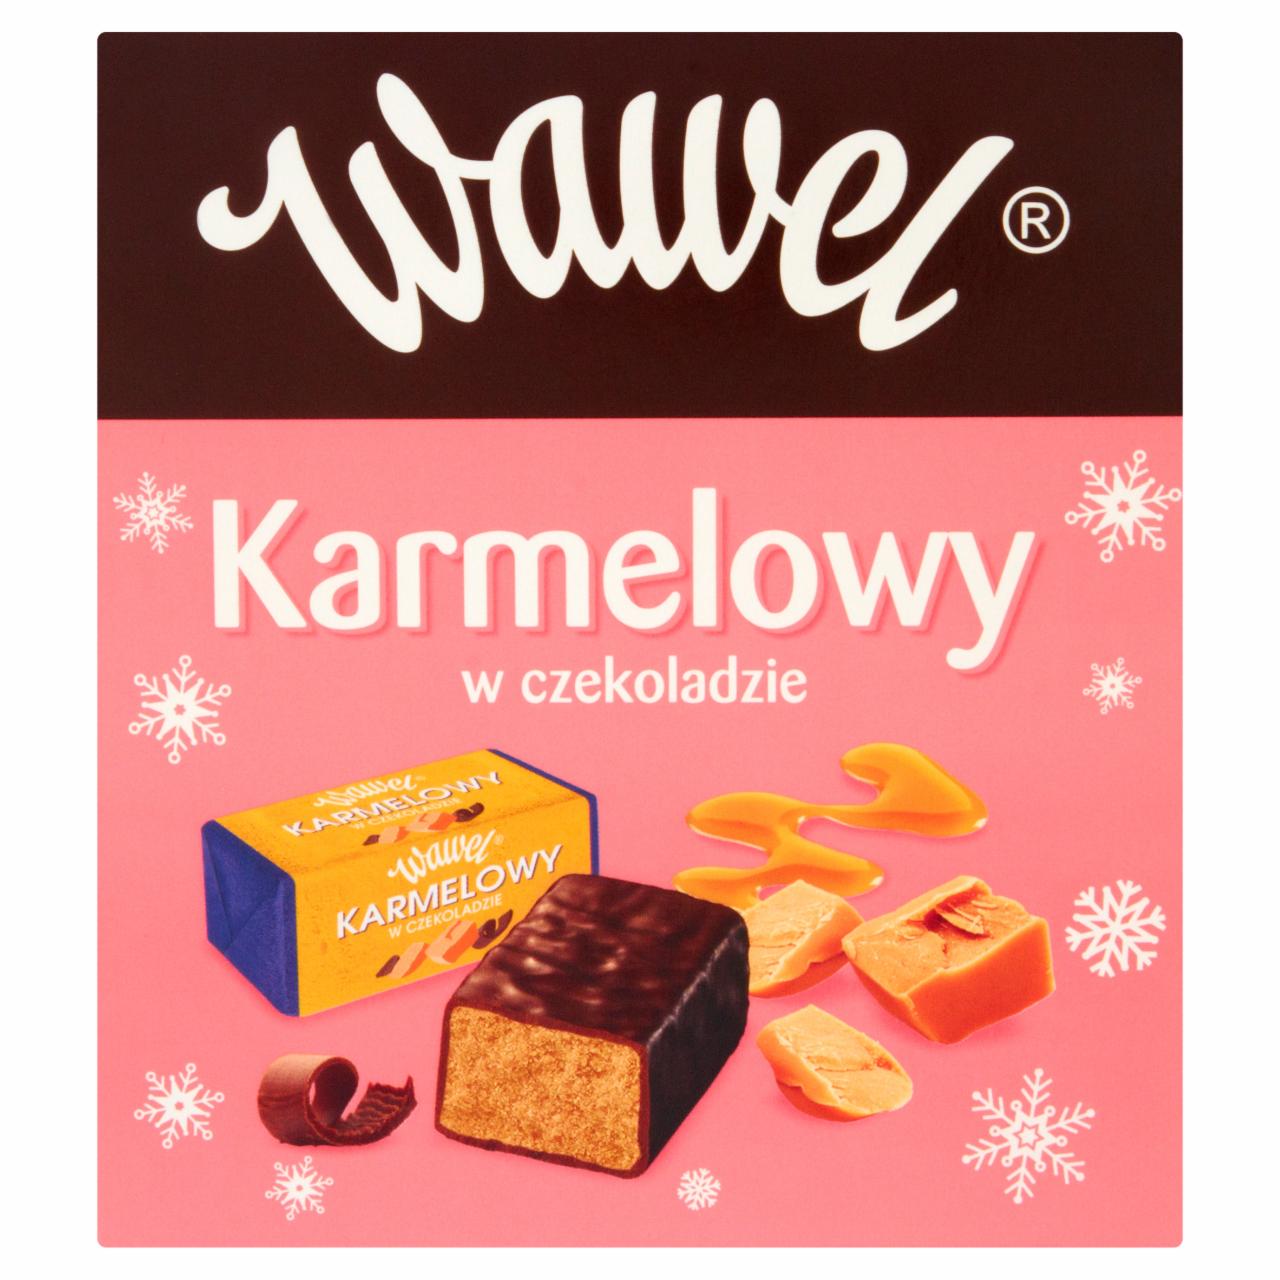 Zdjęcia - Wawel Karmelowy w czekoladzie Wyrób z czekoladą mleczną i alkoholem 500 g
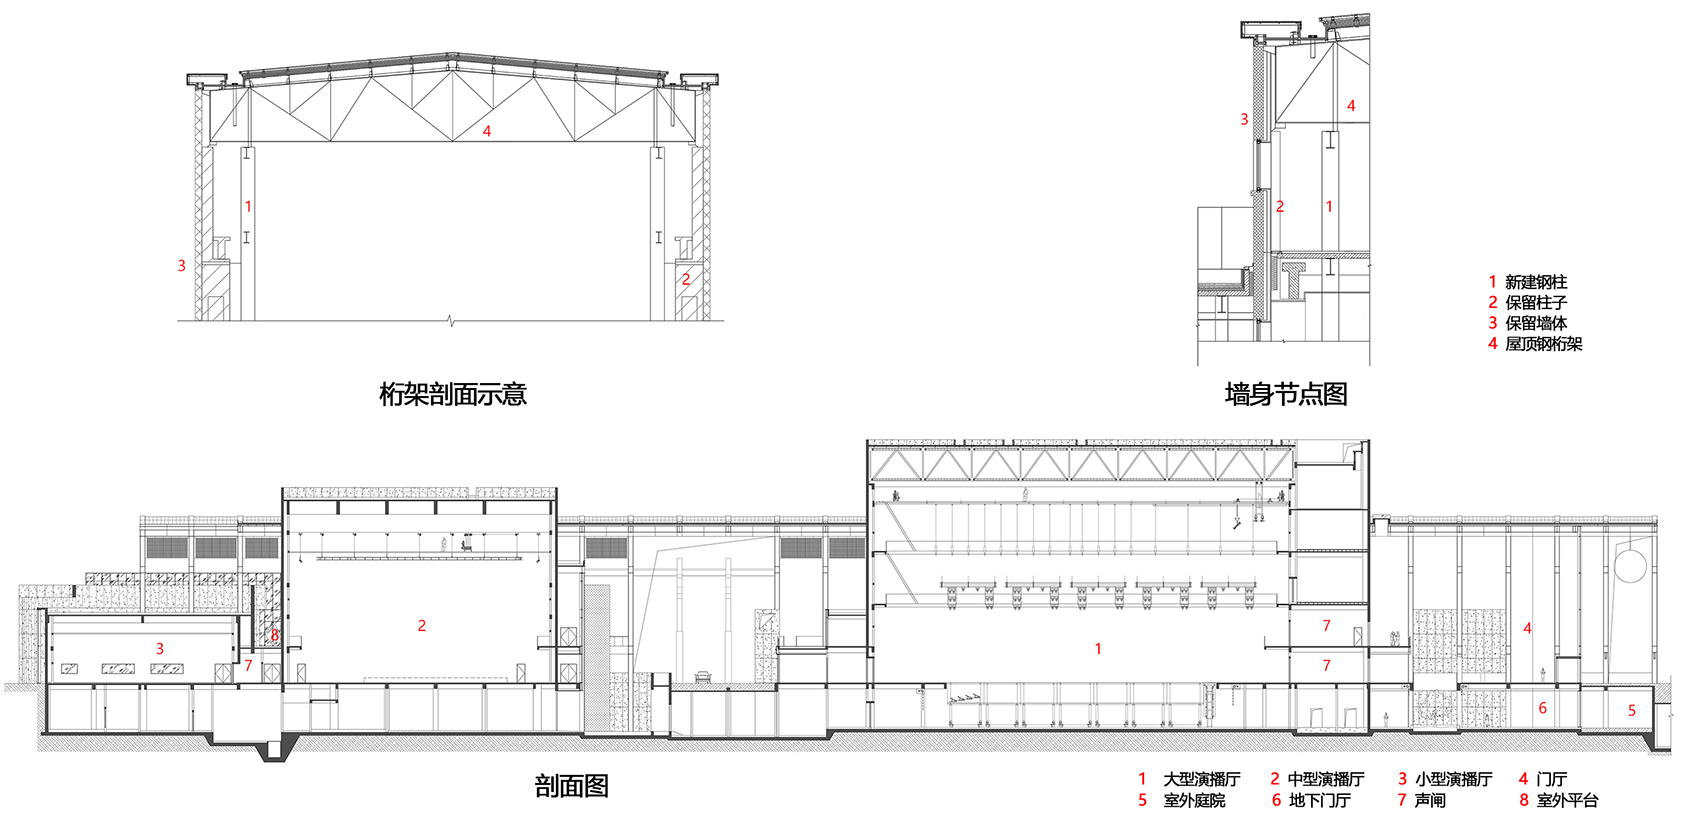 首钢制氧厂南片区更新改造项目，北京/给冬奥公园注入“氧气”-120
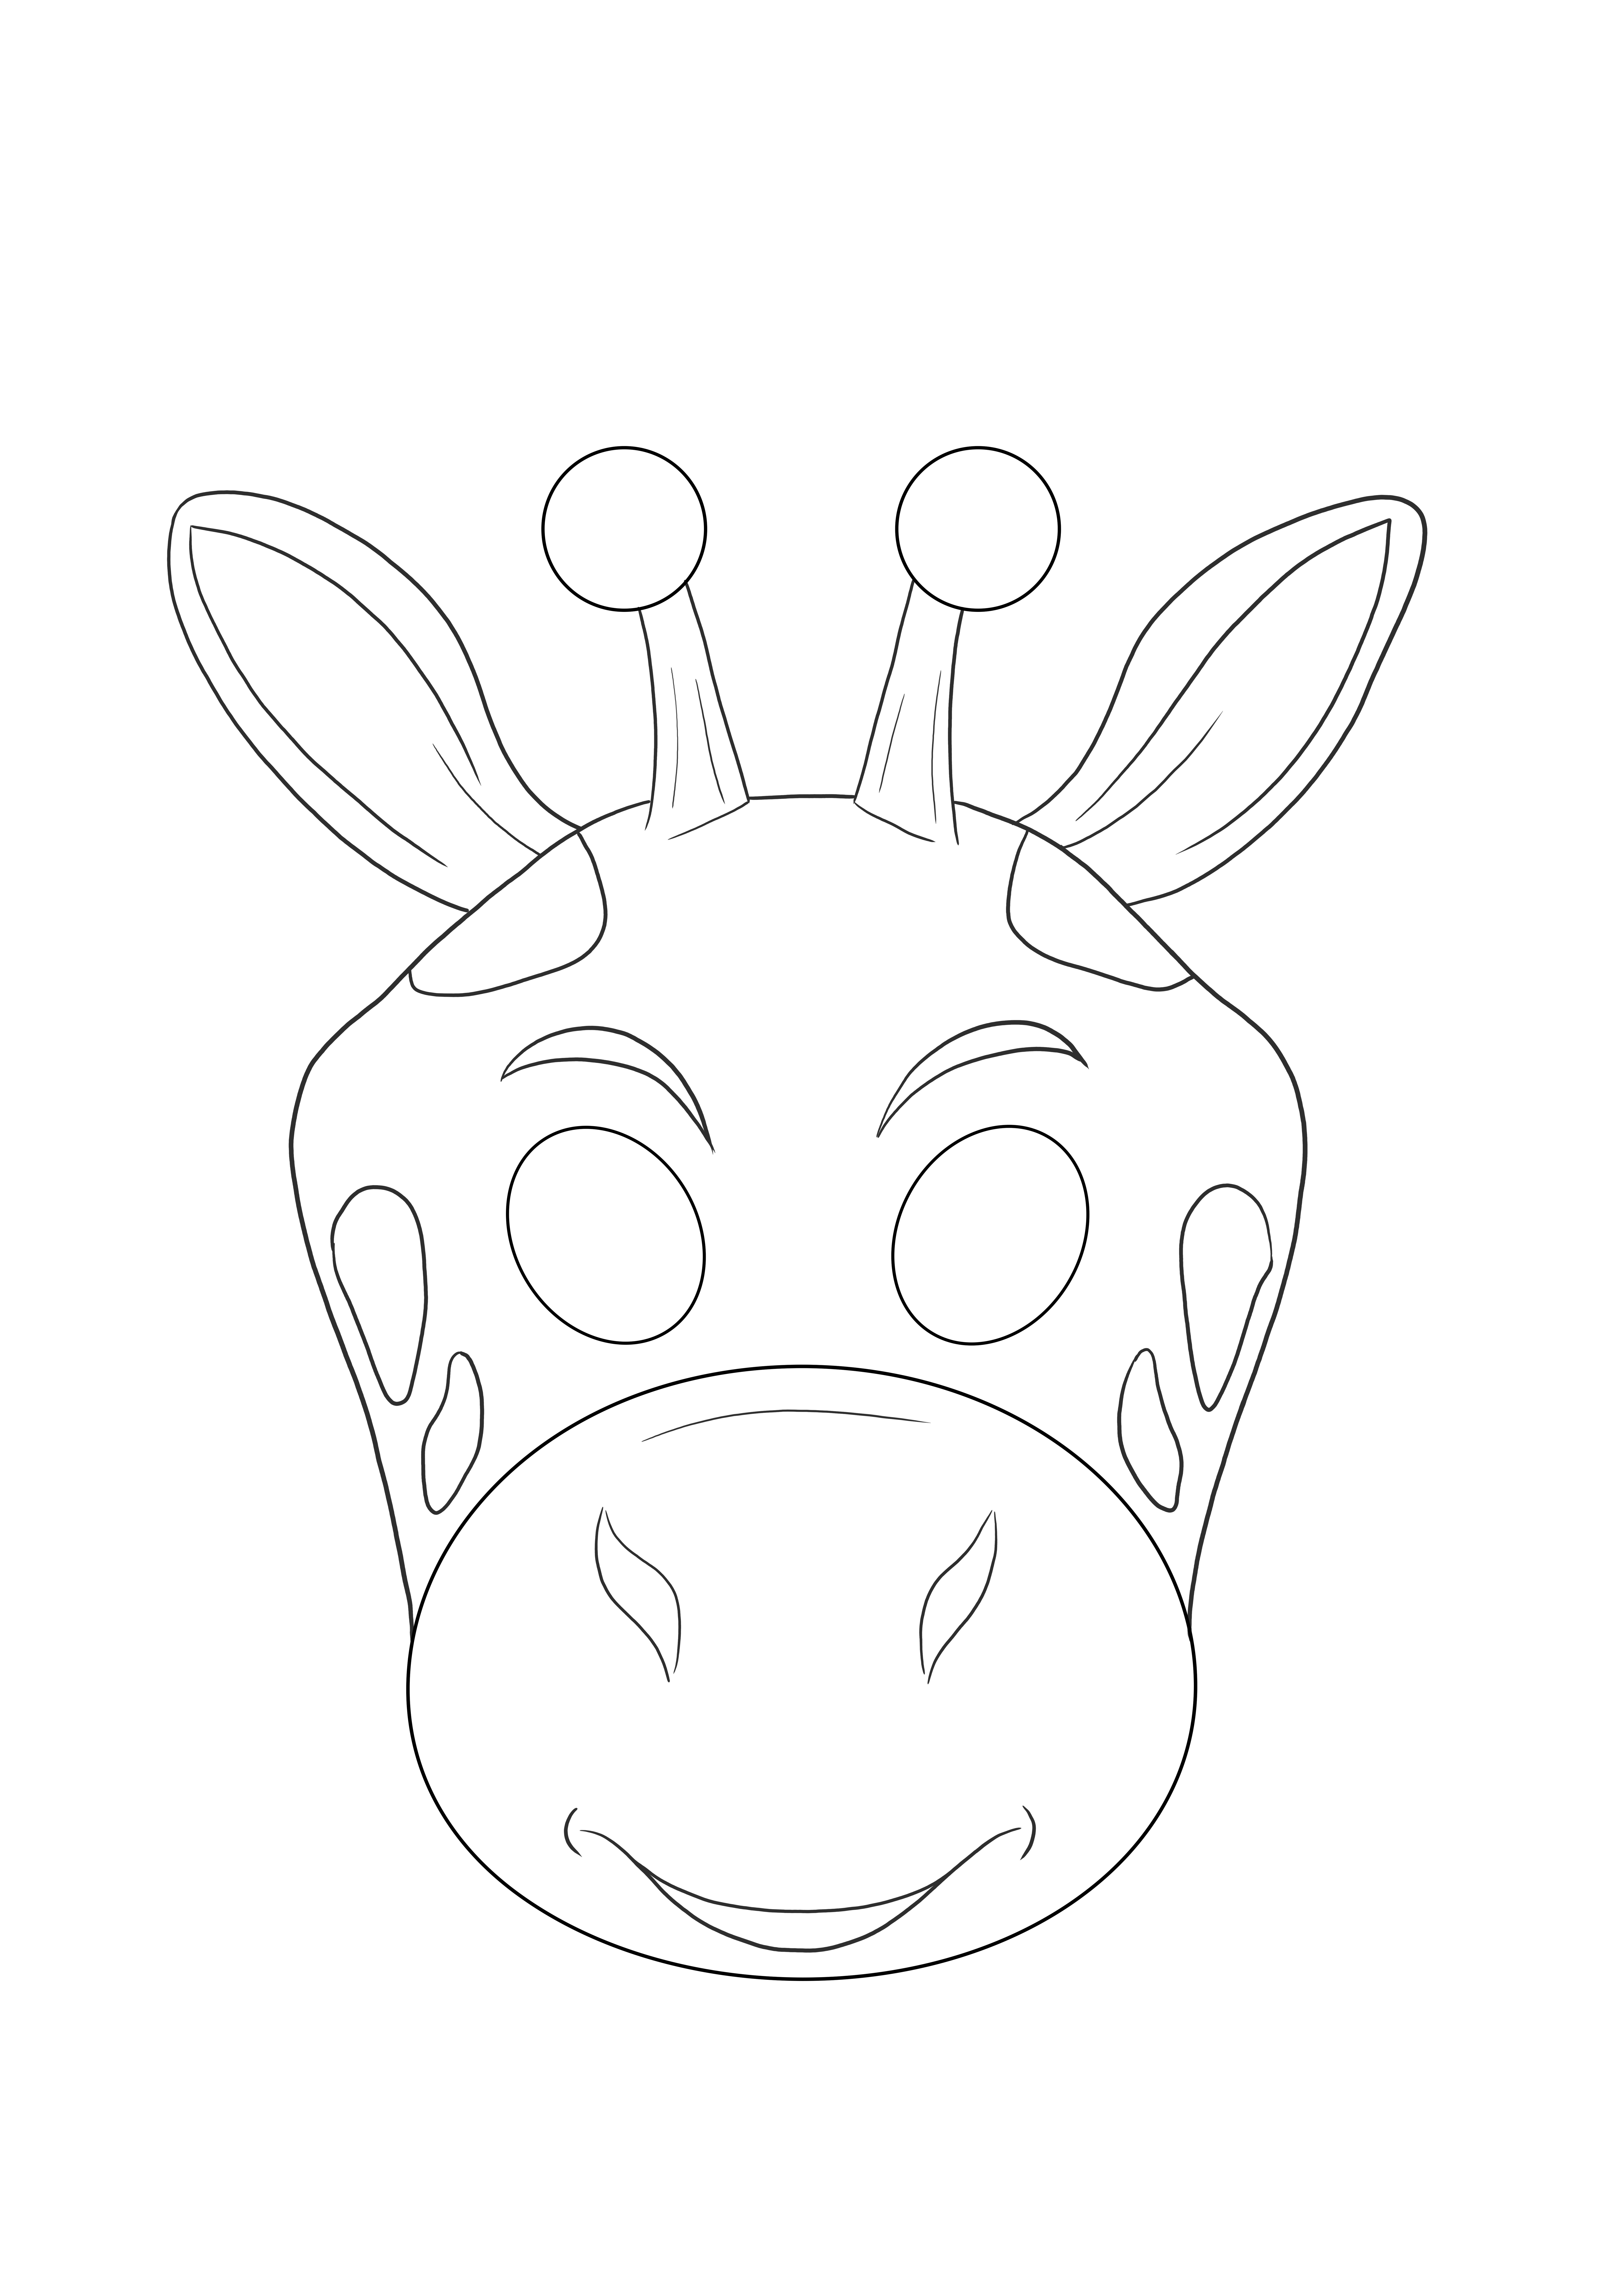 Máscara de jirafa simplemente para imprimir o guardar para que los niños la coloreen más adelante
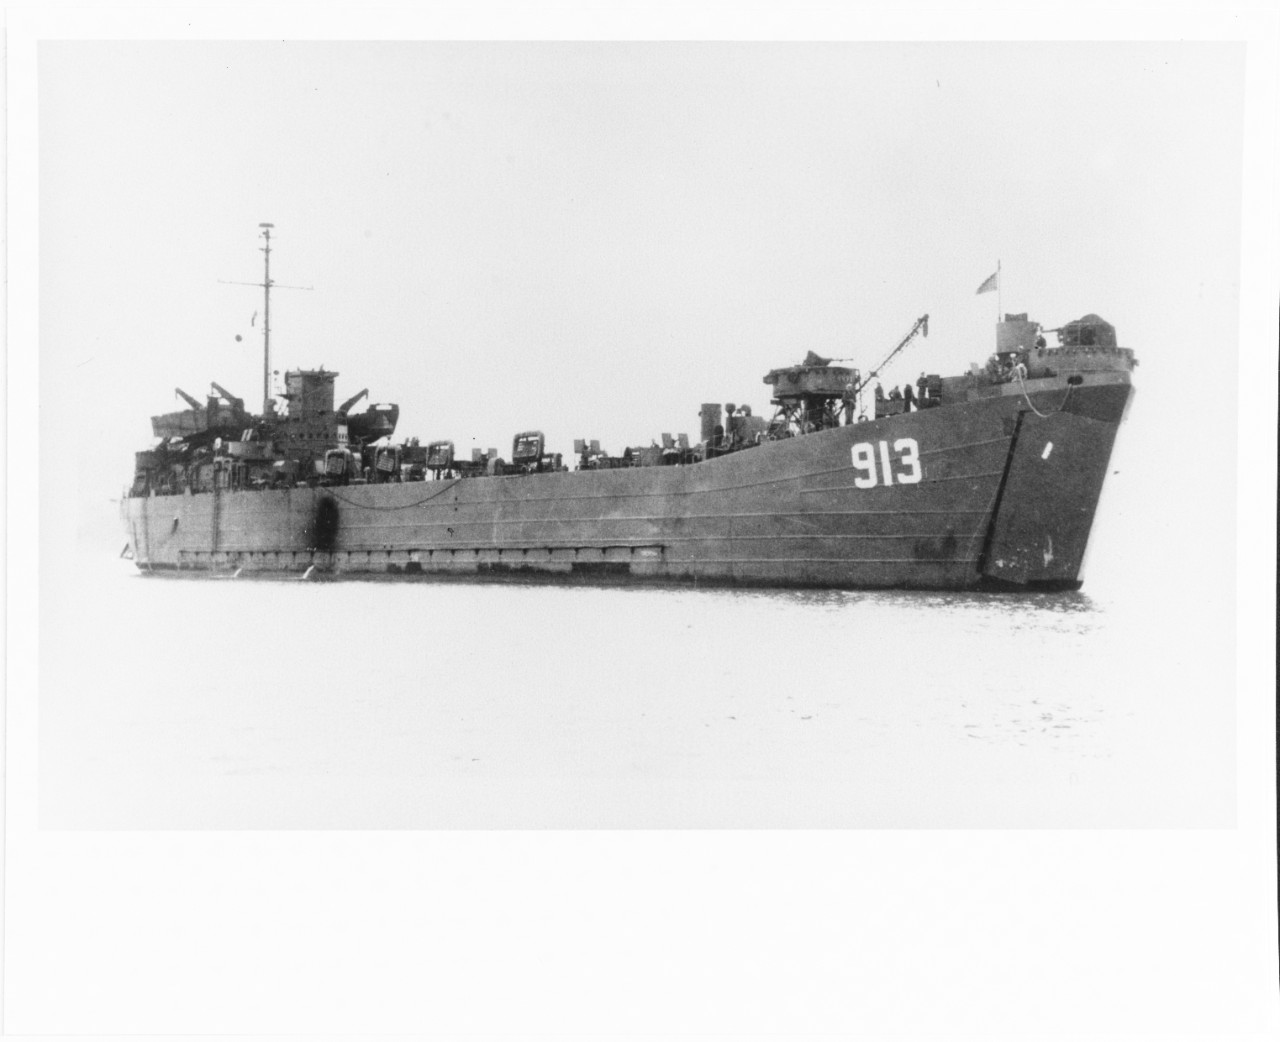 USS LST-913

····················

▶ **WORK ITEM**
The output must start at the line holding "Máscara de jirafa", end at the last line of the listing above, and show each line exactly; please omit all pictures.

▶ **EXERCISE RESPONSE**
 Máscara de jirafa simplemente para imprimir o guardar para que los niños la coloreen más adelante
 USS LST-913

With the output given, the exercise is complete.